About Atossa's Proprietary Endoxifen
Endoxifen is an active metabolite of an FDA-approved drug called
tamoxifen, which has been widely used for over 40 years to both
treat and prevent breast cancer. Tamoxifen is a “pro-drug”, in that
it must be metabolized into active components (“metabolites”) in
order to be effective. Despite the success of tamoxifen in treating
estrogen-receptor-positive breast cancer, its systemic side effects
have led to generally low acceptance as a therapy to reduce the
risk of breast cancer. We estimate that approximately ten million
women in the U.S. have mammographic breast density (MBD), for which
there is no FDA-approved treatment.

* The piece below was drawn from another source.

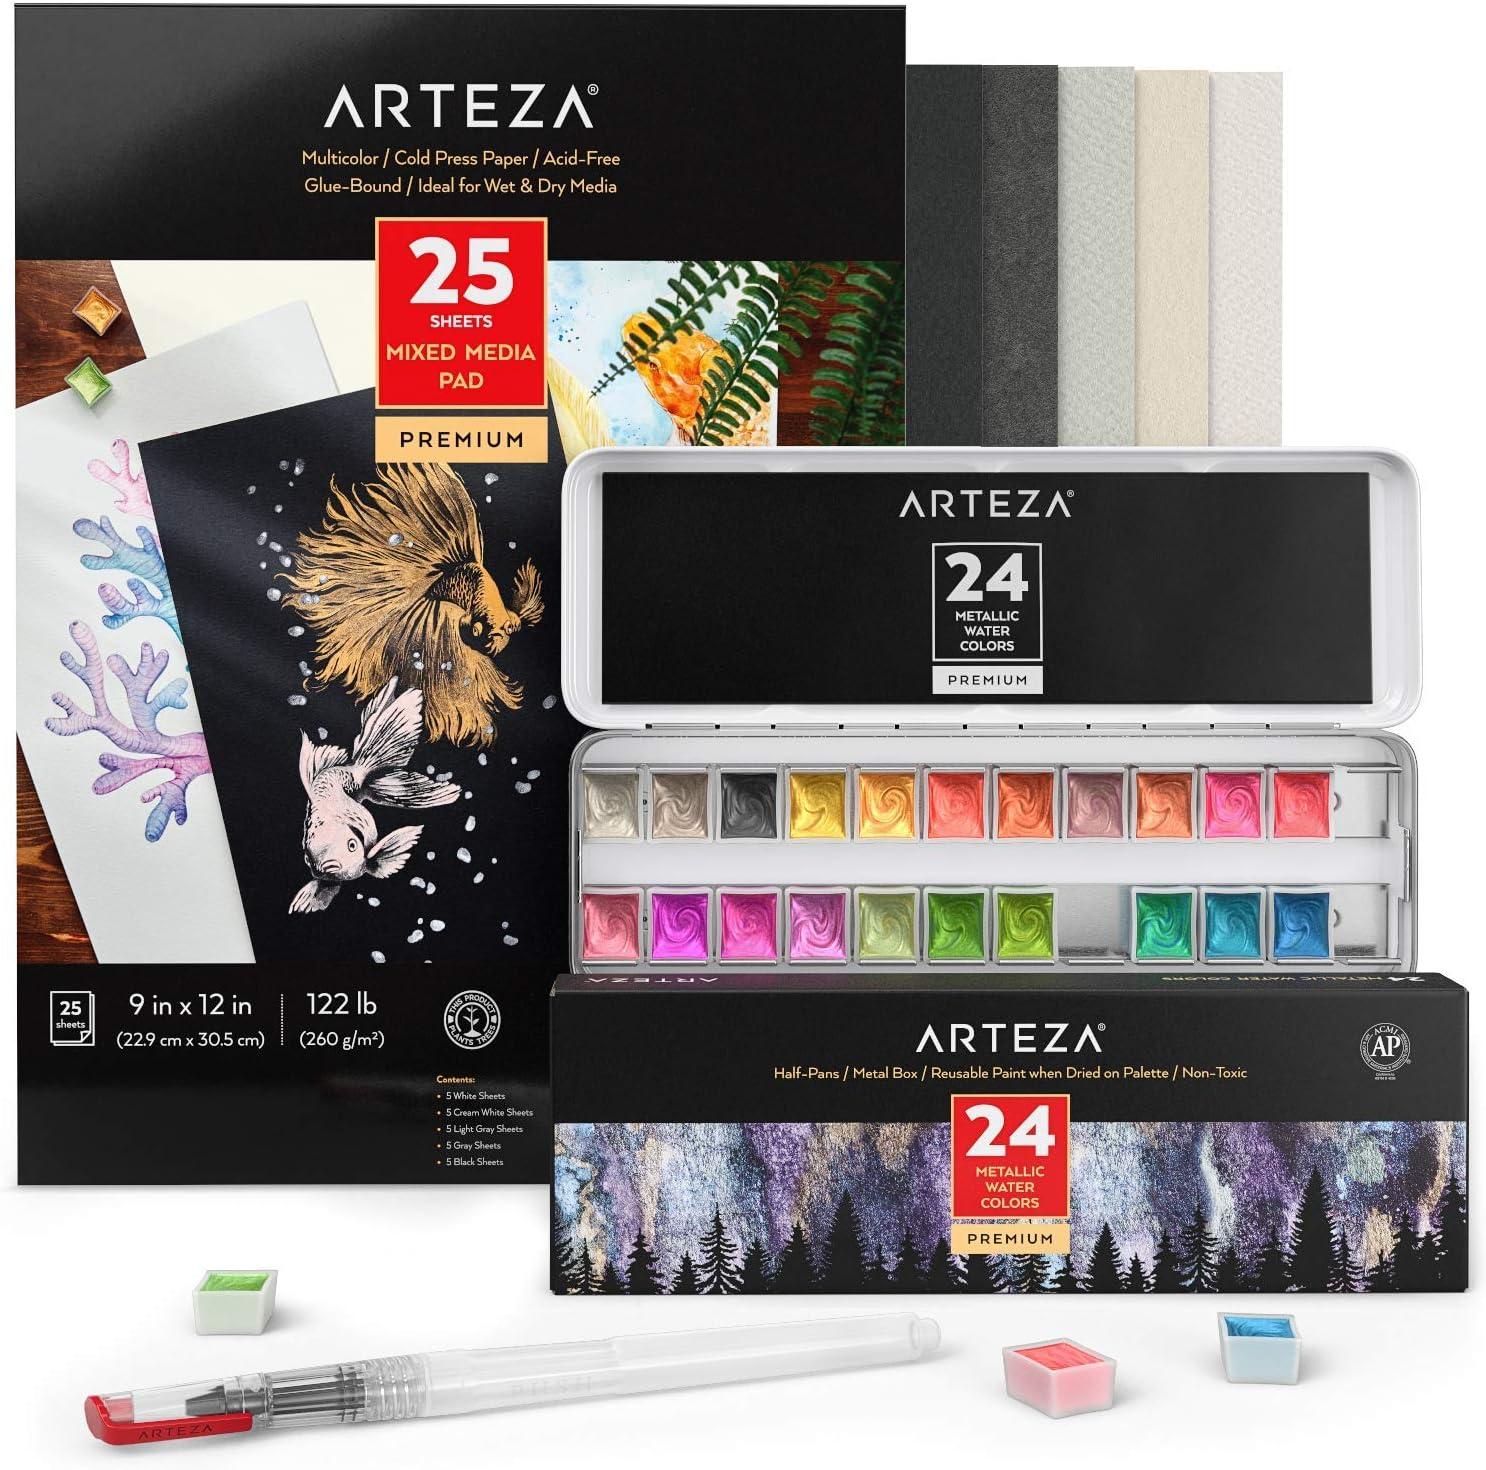 Arteza Metallic Watercolor Paint Art Set, Bundle of 24 Half-Pans, Water Brush Pen & Colored Watercolor Pad (25 Sheets, 5 Shades of Toned Watercolor Paper), Art Supplies for Watercolor

Studies conducted by others
have shown that MBD reduces the ability of mammograms to detect
cancer and increases the risk of developing breast cancer. Although
oral tamoxifen is approved to prevent breast cancer in “high-risk”
women (typically based on responses to a questionnaire), it is used
by less than 5% of women with an increased risk of developing
breast cancer because of the actual or perceived side effects and
risks of tamoxifen. We believe our Endoxifen may provide an option
for women to proactively reduce the density of their breasts and
may improve mammography accuracy and patient care by unmasking
cancerous tumors that are otherwise hidden by breast density.
Regulators may not approve Endoxifen to reduce MBD unless we can
demonstrate the relationship between Endoxifen-induced reduction in
MBD and reduction in incidence of breast cancer.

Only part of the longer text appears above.